既然是按照响应时间权重来选择服务,那么先整理一下权重算法是怎么做的。

观察initialize方法,启动了定时器定时执行DynamicServerWeightTask的run来调用计算服务权重,计算权重是通过内部类ServerWeight的maintainWeights方法来进行。

整理一下maintainWeights方法的逻辑,里面有两个for循环,第一个for循环拿到所有服务的总响应时间,第二个for循环计算每个服务的权重以及总权重。

第一个for循环。

假设有4个服务,每个服务的响应时间(ms):

A: 200

B: 500

C: 30

D: 1200

总响应时间:

200+500+30+1200=1930ms

接下来第二个for循环,计算每个服务的权重。

服务的权重=总响应时间-服务自身的响应时间:

A: 1930-200=1730

B: 1930-500=1430

C: 1930-30=1900

D: 1930-1200=730

总权重:

1730+1430+1900+730=5790

响应时间及权重计算结果示意图:

img

结果就是响应时间越短的服务,它的权重就越大。

再看一下choose方法。

重点在while循环的第3个if这里。

首先如果判定没有服务或者权重还没计算出来时,会采用父类RoundRobinRule以线性轮询的方式选择服务器。

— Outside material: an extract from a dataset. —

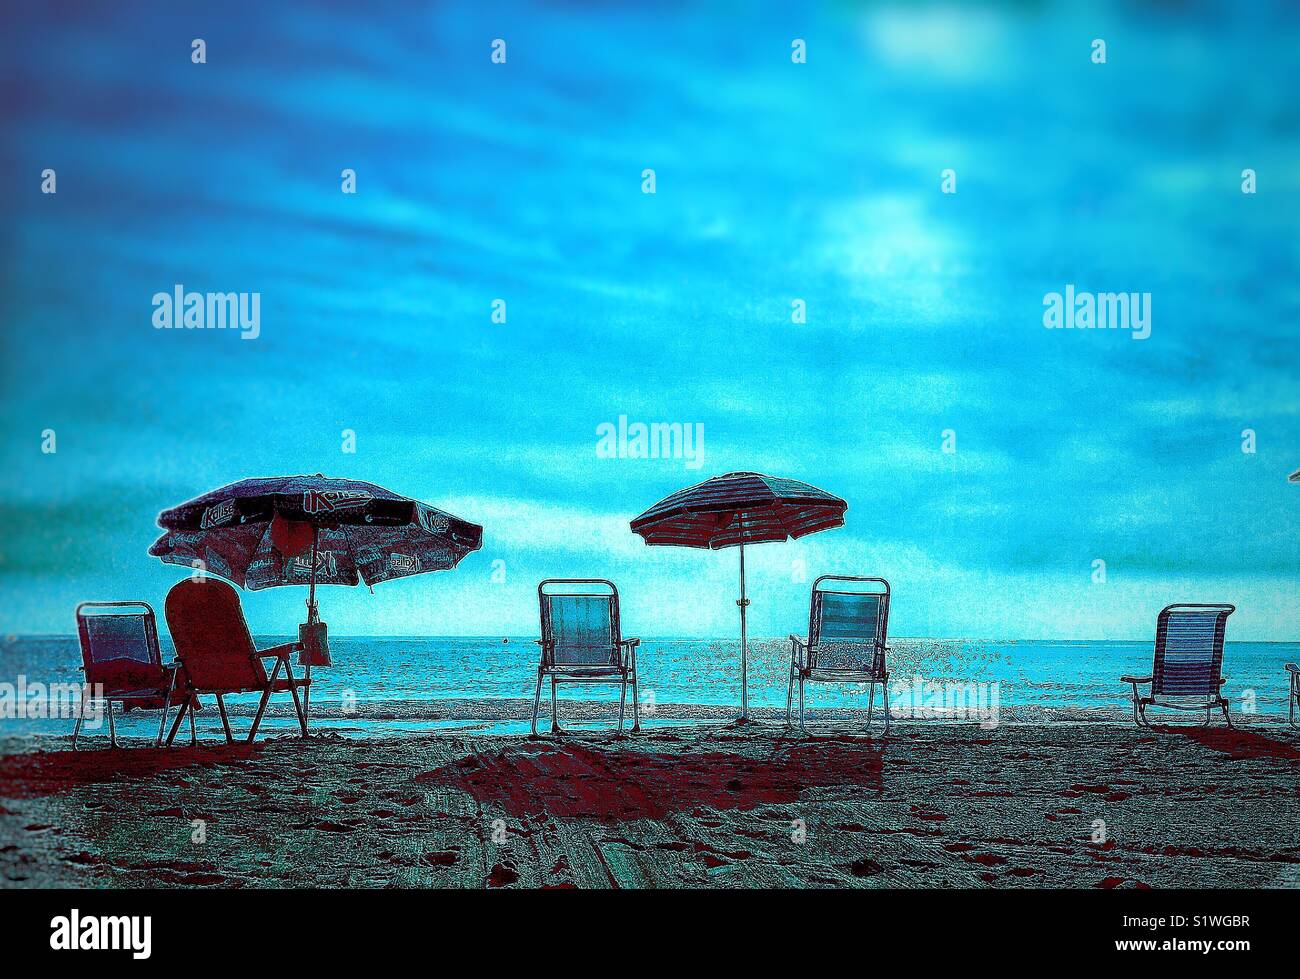 Sedie vuote e ombrelloni su di una spiaggia di sabbia con un mare calmo e azzurro cielo nuvoloso Foto Stock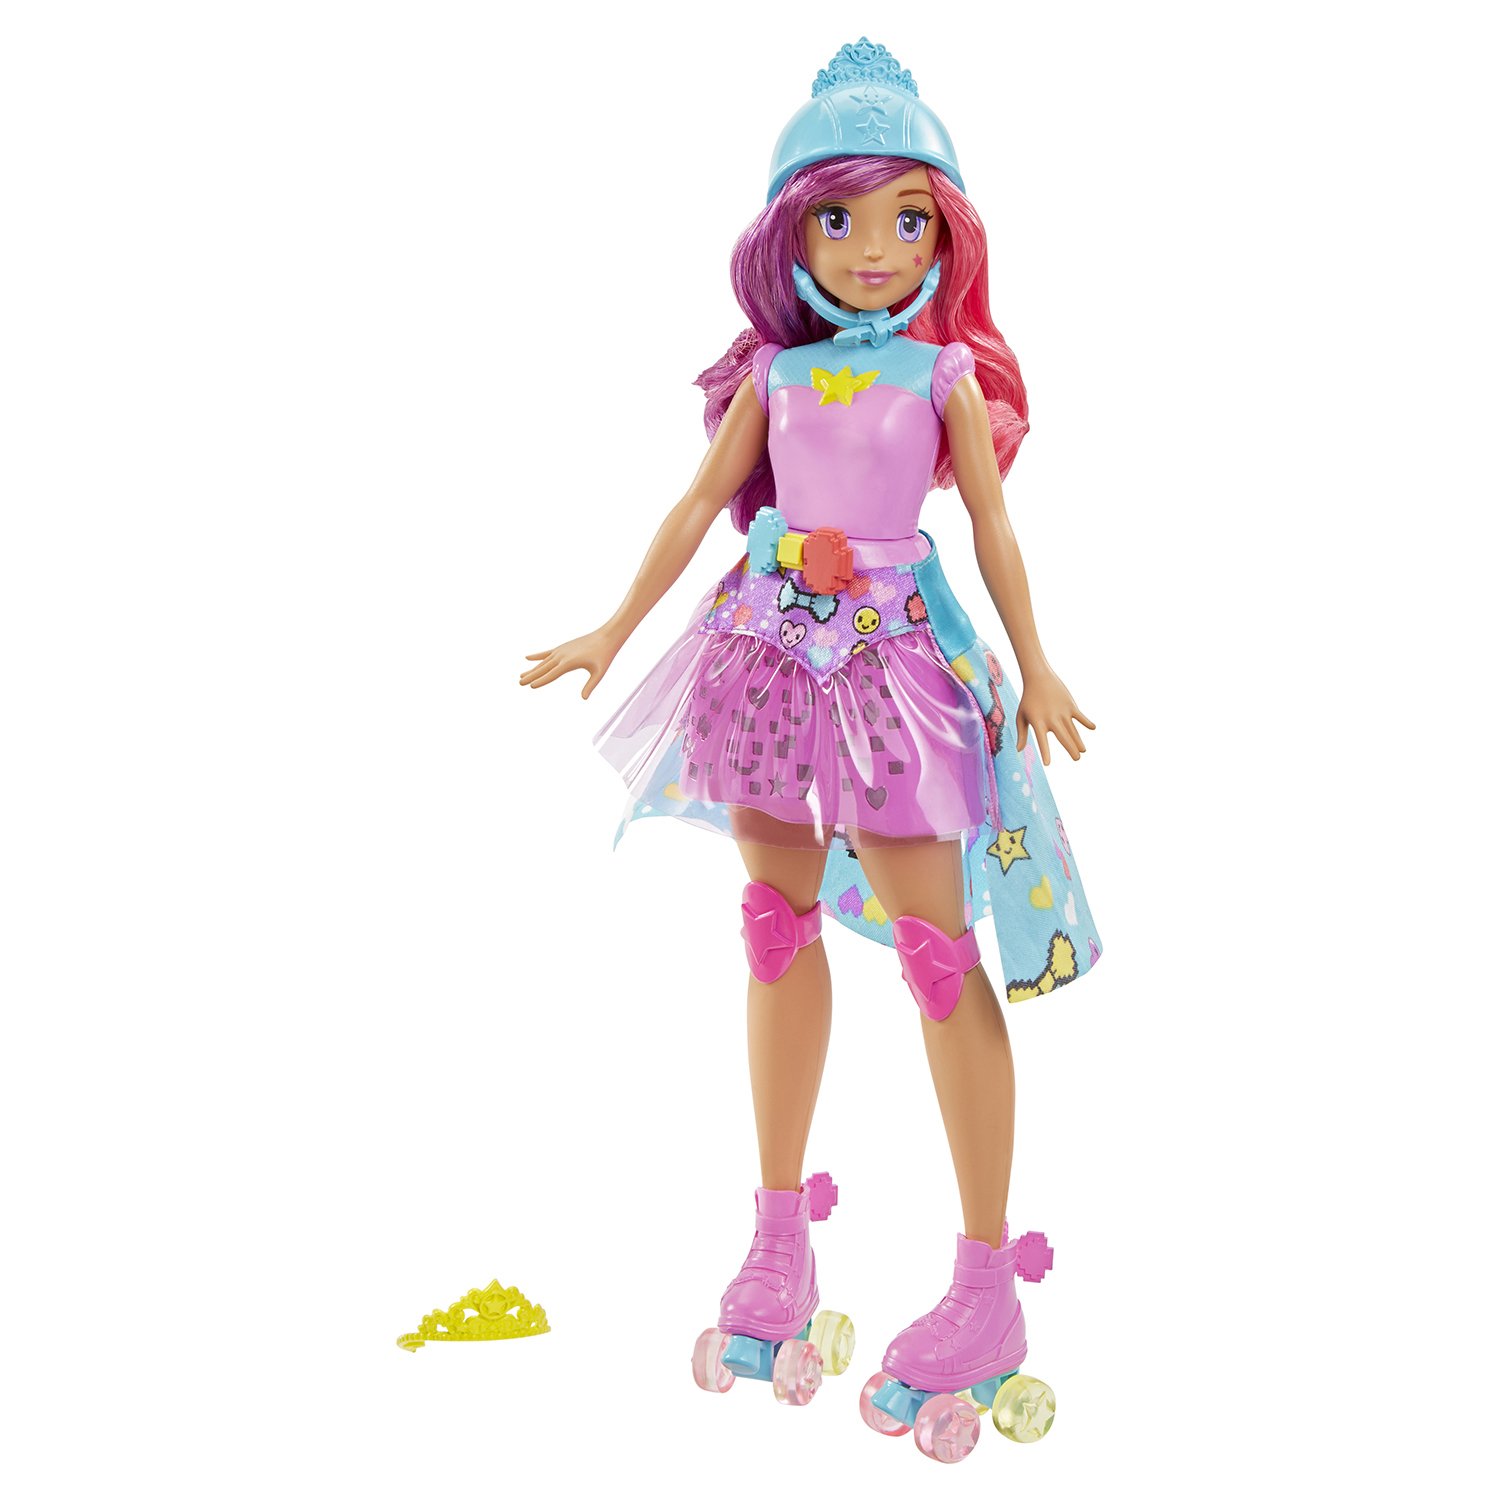 Интерактивная кукла Barbie Виртуальный мир Повтори цвета, 29 см, DTW00

有服务,有权重计算结果后,就是以总权重值为限制,拿到一个随机数,然后看随机数落到哪个区间,就选择对应的服务。

所以选取服务的结论就是:

响应时间越短的服务,它的权重就越大,被选中的可能性就越大。

AvaliabilityFilteringRule


//抽象策略,继承自ClientConfigEnabledRoundRobinRule
//基于Predicate的策略
//Predicateshi Google Guava Collection工具对集合进行过滤的条件接口
public abstract class PredicateBasedRule extends ClientConfigEnabledRoundRobinRule {

    //定义了一个抽象函数来获取AbstractServerPredicate
    public abstract AbstractServerPredicate getPredicate();

    @Override
    public Server choose(Object key) {
        ILoadBalancer lb = getLoadBalancer();
        //通过AbstractServerPredicate的chooseRoundRobinAfterFiltering函数来选出具体的服务实例
        //AbstractServerPredicate的子类实现的Predicate逻辑来过滤一部分服务实例
        //然后在以轮询的方式从过滤后的实例中选出一个
        Optional<Server> server = getPredicate().chooseRoundRobinAfterFiltering(lb.getAllServers(), key);
        if (server.isPresent()) {
            return server.get();
        } else {
            return null;
        }       
    }

public abstract class AbstractServerPredicate implements Predicate<PredicateKey> {
 
    public Optional<Server> chooseRandomlyAfterFiltering(List<Server> servers) {
        //先通过内部定义的getEligibleServers函数来获取备选清单(实现了过滤)
        List<Server> eligible = getEligibleServers(servers);
        if (eligible.size() == 0) {
            //如果返回的清单为空,则用Optional.absent()来表示不存在
            return Optional.absent();
        }
        //以线性轮询的方式从备选清单中获取一个实例
        return Optional.of(eligible.get(random.nextInt(eligible.size())));
    }
 
    public List<Server> getEligibleServers(List<Server> servers) {
        return getEligibleServers(servers, null);
    }
    /**
     * Get servers filtered by this predicate from list of servers.
     */
    public List<Server> getEligibleServers(List<Server> servers, Object loadBalancerKey) {
        if (loadBalancerKey == null) {
            return ImmutableList.copyOf(Iterables.filter(servers, this.getServerOnlyPredicate()));            
        } else {
            List<Server> results = Lists.newArrayList();
            //遍历服务清单,使用apply方法来判断实例是否需要保留,如果是,就添加到结果列表中
            //所以apply方法需要在子类中实现,子类就可实现高级策略
            for (Server server: servers) {
                if (this.apply(new PredicateKey(loadBalancerKey, server))) {
                    results.add(server);
                }
            }
            return results;            
        }
    }
}
public Server choose(Object key) {
    int count = 0;
    //通过轮询选择一个server
    Server server = roundRobinRule.choose(key);
    //尝试10次如果都不满足要求,就放弃,采用父类的choose
    //这里为啥尝试10次?
    //1. 轮询结果相互影响,可能导致某个请求每次调用轮询返回的都是同一个有问题的server
    //2. 集群很大时,遍历整个集群判断效率低,我们假设集群中健康的实例要比不健康的多,如果10次找不到,就用父类的choose,这也是一种快速失败机制
    while (count++ <= 10) {
        if (predicate.apply(new PredicateKey(server))) {
            return server;
        }
        server = roundRobinRule.choose(key);
    }
    return super.choose(key);
}

判定规则:

以下两项有一项成立,就表示该服务不可用,不能使用该服务。

配置项niws.loadbalancer.availabilityFilteringRule.filterCircuitTripped为true(未配置则默认为true),并且已经触发断路。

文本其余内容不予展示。